MLRS being Multiple Launch Rocket Systems -

Rob Lee

Correct. Right. They still have this bit of artillery systems that could threaten an amphibious assault. And so as long as Mykolaiv holds out, it's gonna be difficult for Russian forces to take Odessa. If Kharkiv, Sumy, all those cities, you know, continue to hold out, they likely will, even though it seems like Russia's trying to seize them. Right. It just it again, tells you something about, you know how Ukrainians will fight for Kiev, right. And everything we're seeing is that they will fight, they'll go block by block, it'll be very tough to take. And the last thing to look for is just that encirclement around Kiev, right? Can Ukraine continue to hold these suburbs? Can they make it, you know, difficult and costly, if Russia tries to, you know, create a tight encirclement of the city. And the longer this takes, right, the more likely Russia will try and end this war, you know, with a more compromised solution. And so all of those things are things to kind of look for, and again, it's increasingly a war for cities. And so what we've seen so far is that there are a couple large cities in the south that did fall to Russia, but none of them were places where Ukrainian forces decided we're going to fight to the last man here, right? We didn't see it in Kherson, we didn't see it in those cities. In cities where they are doing that, right, they're holding themselves and none of those are going to fall. And so that's a good indicator of how these campaigns are going to continue. And ultimately, you know, a week from now, Russia probably needs to make some significant advances, they probably need to take Mariupol, if they do that, that frees up more forces that can move to try to take the rest of the Ukrainian forces in eastern part of the country.
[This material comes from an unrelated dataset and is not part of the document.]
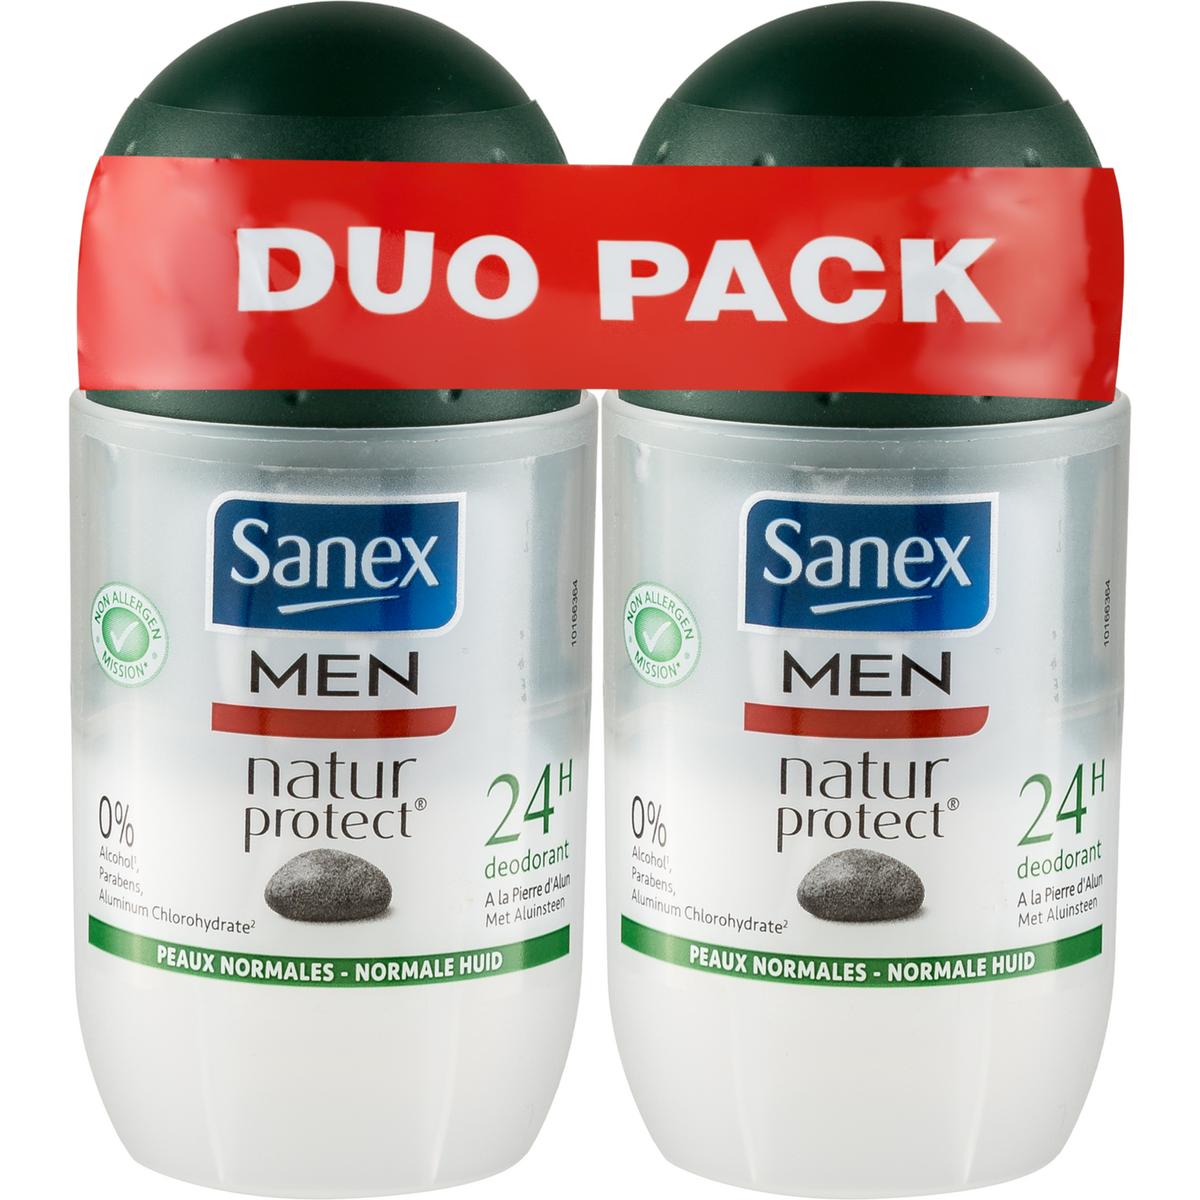 SANEX MEN Natur Protect Déodorant bille Nature peux normales 2x50ml

But if these cities continue to hold out, right, it becomes an issue because it becomes a problem for Russian supply lines. Because ultimately, you still have to be able to circle cities, that takes manpower, you have to be able to control supply lines, that takes manpower, and all that you know pulls away from the actual objective of taking Kiev or surrounding it properly. And so those are things to look for I think.
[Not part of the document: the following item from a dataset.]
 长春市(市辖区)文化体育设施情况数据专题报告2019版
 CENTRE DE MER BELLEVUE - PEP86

Dmitri Alperovitch  1:00:01

Alright, a war for cities. While on that sobering but I think nevertheless optimistic projection from both Mike and Rob. That's a wrap for us. Thank you so much for attending our Twitter space. Thank you, Mike and Rob, for sharing your thoughts with us. We had over a quarter million people listening last time so I know there's a lot of interest so we might continue doing these talks if the interest persists, and have a good night everyone. Thank you.